ICC2009 保険金請求条項の基本構造
ICC2009のCLAIMSとは
ICC2009のCLAIMSとは、外航貨物海上保険において、保険金請求に関係する基本的な条件を定める部分です。
主に、第11条の被保険利益、第12条の継搬費用、第13条の推定全損、第14条の増値保険で構成されています。
貨物事故では、損害が発生したかどうかだけでなく、誰が保険金を請求できるのか、どの費用が保険の対象になるのか、全損として扱えるのかを確認する必要があります。
第11条 被保険利益とは
被保険利益とは、被保険貨物の滅失または損傷によって経済的な損失を受ける者と、その貨物との間にある利害関係をいいます。
ICC2009では、保険金の支払いを受けるためには、被保険者が損害発生時に被保険貨物について被保険利益を有している必要があります。
つまり、保険契約を締結しただけでは足りず、事故発生時点で、その貨物について経済的な利害関係を持っていることが重要です。
保険契約前に発生した損害
ICC2009では、一定の条件のもとで、保険契約の締結前に発生していた損害についても保険金請求が認められることがあります。
ただし、被保険者がすでに損害発生を知っており、保険者がそれを知らなかった場合には、保険金請求は認められません。
この点は、外航貨物保険における遡及的な付保や、航海中の貨物に対する保険手配を考えるうえで重要です。
第12条 継搬費用とは
継搬費用とは、保険で補償される危険の作用によって輸送が予定外の港や場所で打ち切られた場合に、貨物を目的地まで継続して運ぶために必要となる追加費用です。
ICC2009では、被保険貨物の荷卸し、保管、保険契約上の仕向地までの継搬のために、適切かつ合理的に支出された追加費用が対象となることがあります。
ただし、共同海損や救助料とは別の条項であり、第4条から第7条までの免責条項の適用も受けます。
継搬費用で注意すべき点
継搬費用は、保険で担保される危険の作用によって発生した場合に問題となります。
そのため、ICC(A)、ICC(B)、ICC(C)のどの条件で付保されているかによって、対象となる範囲が変わります。
また、被保険者またはその使用人の過失、怠慢、支払不能、金銭債務不履行から生じる費用は対象に含まれません。
船社倒産、戦争、ストライキ、運送打切りなどが絡む場合には、継搬費用として扱えるかどうかを慎重に確認する必要があります。
第13条 推定全損とは
推定全損とは、貨物が現実に完全滅失していなくても、回収、補修、継搬に要する費用が到着時の貨物価額を超えるなど、実質的に全損と同視される状態をいいます。

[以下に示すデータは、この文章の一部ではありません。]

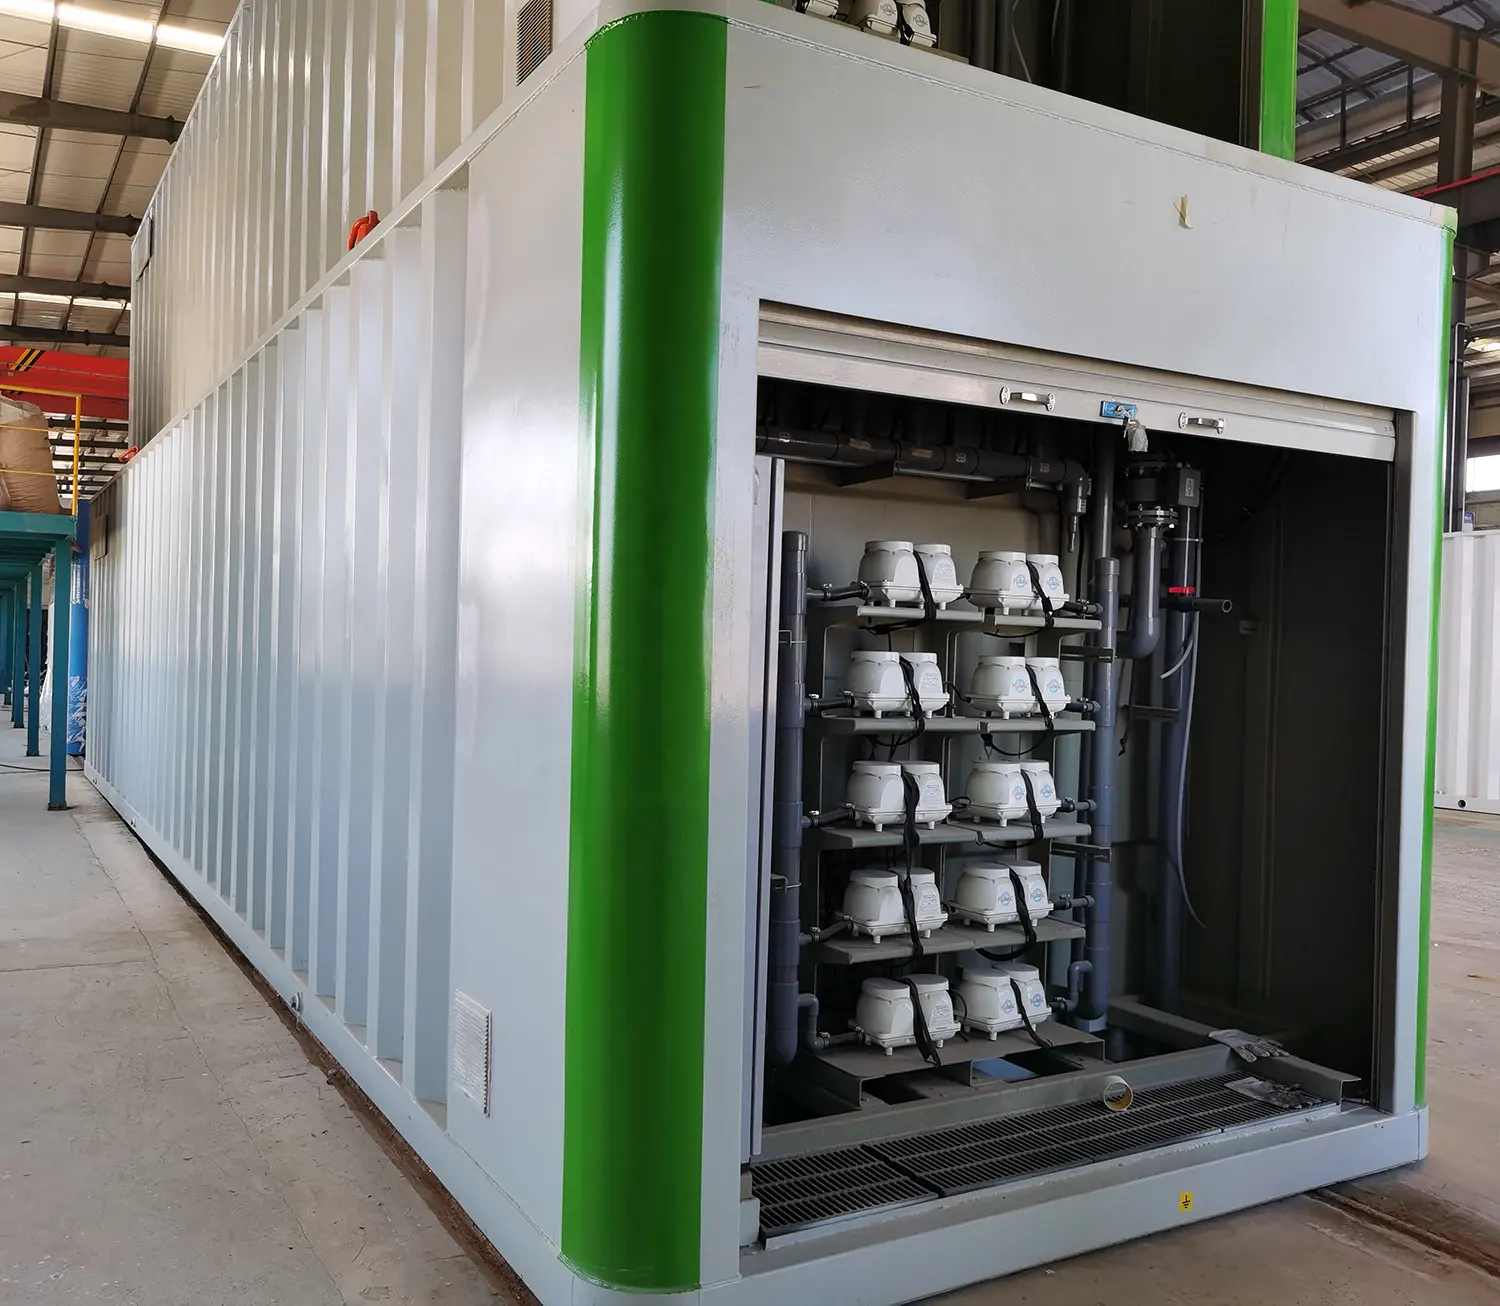 MBBR paket pembibitan dan pemotongan unggas dalam kontainer sistem tanaman perawatan air limbah

ICC2009では、現実全損が避け難いと考えられる場合、または回収・補修・継搬の費用が到着時の価額を超える見込みで、被保険貨物が合理的に遺棄される場合に、推定全損が問題となります。
単に修理費用が高い、処分が面倒であるというだけでは、当然に推定全損になるわけではありません。
委付との関係
推定全損では、貨物を遺棄し、保険者に委付する手続きが問題になります。
英国法上は、被保険者が委付の通知をしても、保険者が承諾しなければ当然に認められるわけではありません。
そのため、推定全損を主張する場合には、損害額、回収費用、補修費用、継搬費用、到着時価額を具体的に整理する必要があります。
第14条 増値保険とは
増値保険とは、航海の途中で市場価格が上昇し、当初の保険金額では不足する場合に、その不足部分を補うために別途手配される保険です。

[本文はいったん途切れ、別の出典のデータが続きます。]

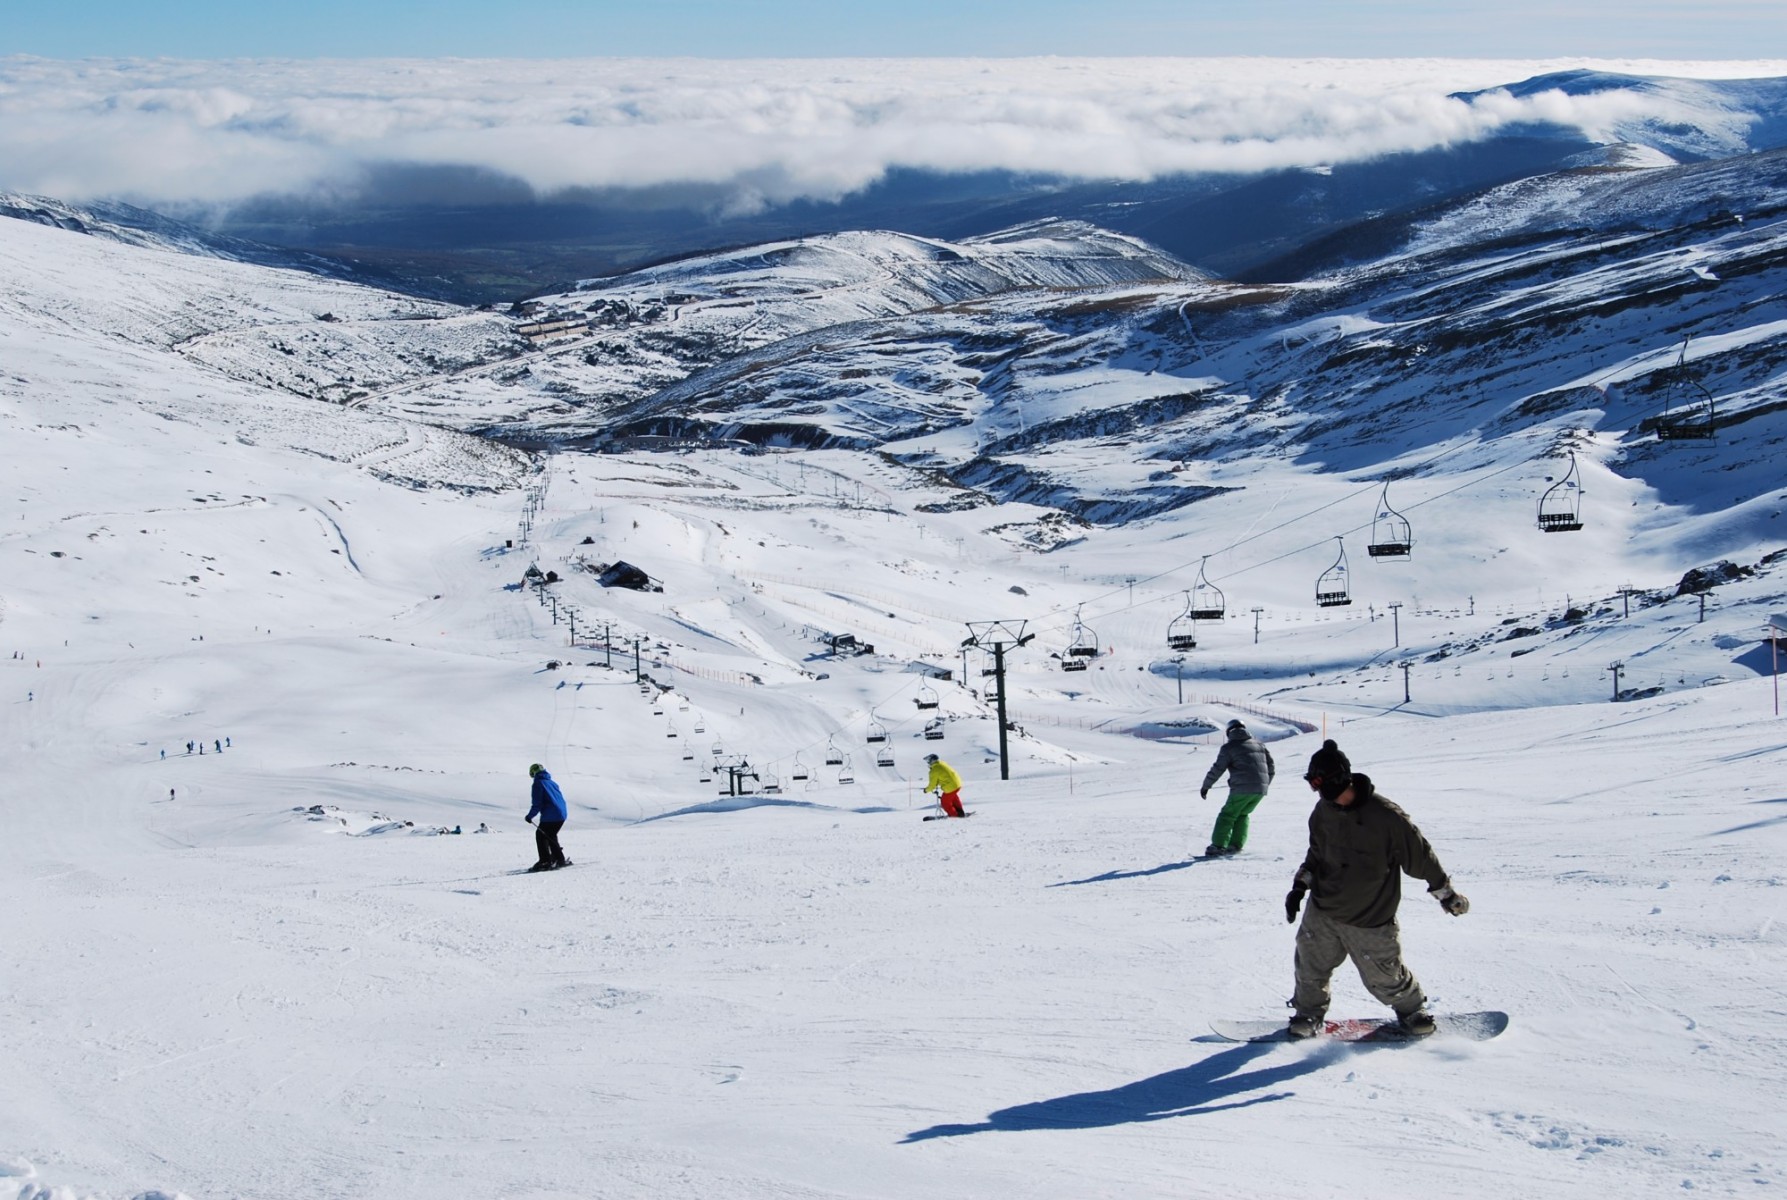 «Como ha hecho muy malo en Navidad no podemos cuantificar si las restricciones ha reducido el alquiler de esquís»

ICC2009では、原保険と増値保険を合算して、被保険貨物の協定価額を判断する仕組みが定められています。
保険金請求時には、被保険者は、原保険だけでなく、すべての増値保険の保険金額を示す資料を保険者に提出する必要があります。
貨物保険・B/L・NVOCC責任との関係
CLAIMS条項は、貨物事故後の保険金請求の入口です。
ただし、貨物保険で請求できるかどうかと、B/L上の運送人責任やNVOCC責任を追及できるかどうかは、別の問題です。

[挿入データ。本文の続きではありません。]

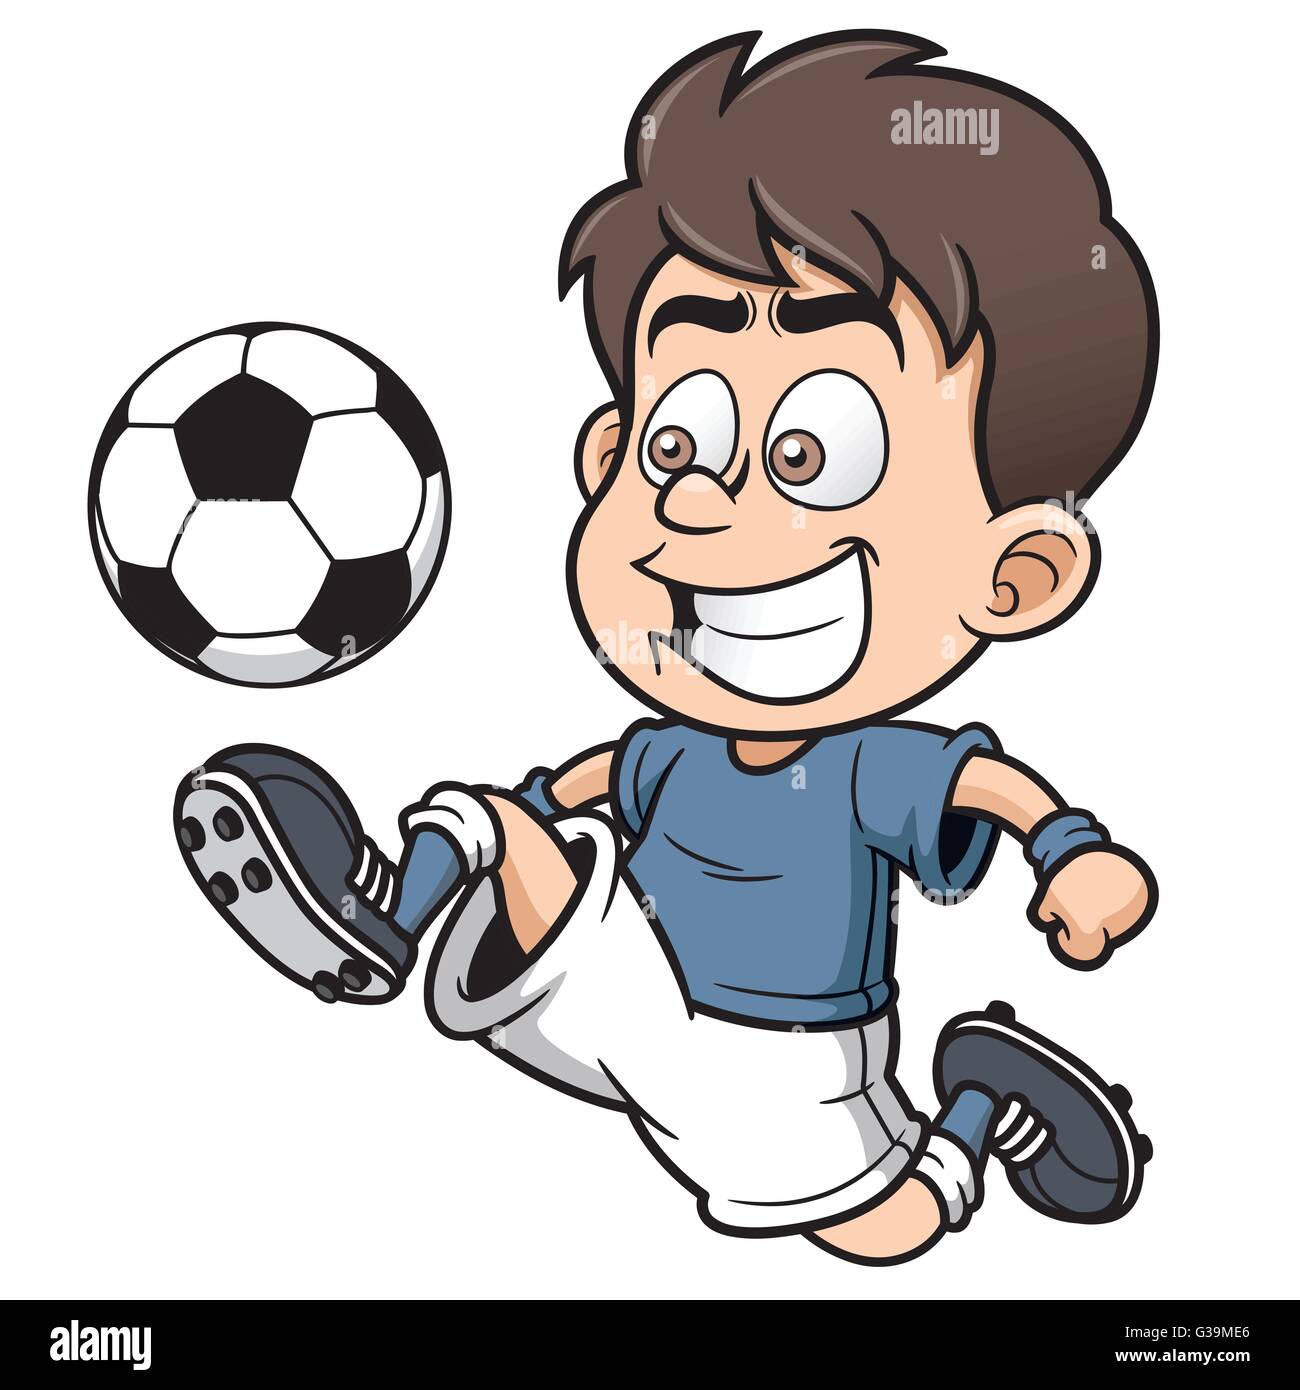 Cartone animato di calcio immagini e fotografie stock ad alta risoluzione -  Alamy

被保険利益は、インコタームズ上の危険移転、売買契約、保険証券上の被保険者、L/C条件とも関係します。
また、継搬費用や推定全損では、運送打切り、途中港での保管、処分、再輸送、共同海損、救助料、B/L裏面約款の責任範囲もあわせて確認する必要があります。
実務上の注意点
貨物事故が発生した場合には、まず損害発生時に誰が被保険利益を持っていたのかを確認します。
次に、保険条件、事故原因、保険期間、継搬費用の発生理由、全損か分損か、増値保険の有無を整理します。
特に、CIF、CIP、FOB、CFRなどの売買条件が絡む場合、保険証券上の被保険者と実際に損害を受ける者がずれることがあります。
そのため、保険金請求では、売買契約、B/L、保険証券、Invoice、Packing List、事故報告、損害額資料を一体で確認することが重要です。